À l’égard des exercices où les jeunes gens se provoquent l’un l’autre, il défiait ses camarades, non dans ceux où il excellait, mais dans les choses où il connaissait leur supériorité, ajoutant qu’il l’emporterait sur eux. Ainsi, quoiqu’il ne fût pas encore ferme à cheval, il y montait le premier pour lancer le javelot ou tirer de l’arc, et il était le premier à rire de sa maladresse, quand il était vaincu. Comme, loin de se rebuter des exercices où il avait du désavantage, il s’y opiniâtrait au contraire pour acquérir ce qui lui manquait, il égala bientôt ceux de son âge dans l’art de l’équitation ; bientôt même, à force d’application, il les surpassa. En peu de temps il eut détruit toutes les bêtes du parc, en les forçant, en les tuant à coups de flèche ou de javelot, au point qu’Astyage ne savait plus où lui en trouver.

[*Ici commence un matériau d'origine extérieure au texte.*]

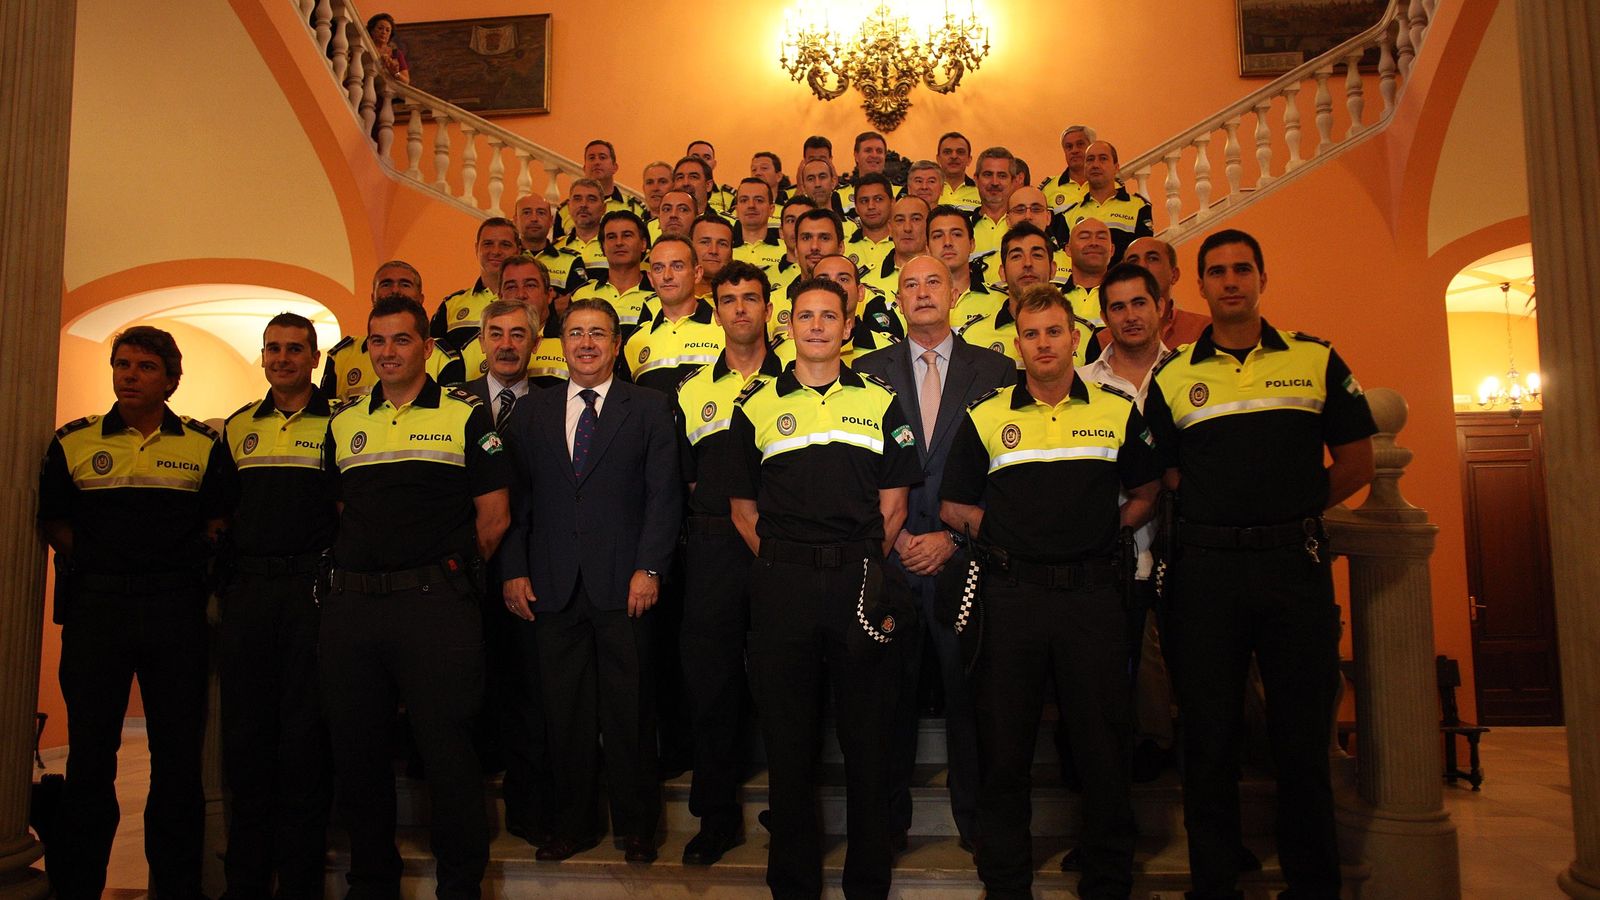 Foto: El exalcalde de Sevilla Juan Ignacio Zoido, tras la toma de posesión de 24 nuevos oficiales de Policía Local en 2011. Foto: Fernando Ruso / Ayuntamiento de Sevilla.

Cyrus voyant que son aïeul, avec la meilleure volonté, ne pouvait lui procurer des bêtes fauves : « Pourquoi, grand‑papa, te donner tant de peine à m’en chercher ? Si tu me laissais aller à la chasse avec mon oncle, toutes celles que je verrais, je croirais que tu les élèves pour moi. » Il désirait passionnément de chasser hors du parc, mais il n’osait presser le roi comme dans son enfance ; déjà même il le visitait avec plus de réserve. Autrefois il se plaignait de ce que Sacas lui défendait l’entrée : devenu depuis pour lui‑même un autre Sacas, il ne se présentait point qu’il ne sût si le moment était favorable. Il priait instamment Sacas, de l’avertir quand il était à propos ou non d’entrer, en sorte que Sacas, comme tous les autres, l’affectionnait extrêmement.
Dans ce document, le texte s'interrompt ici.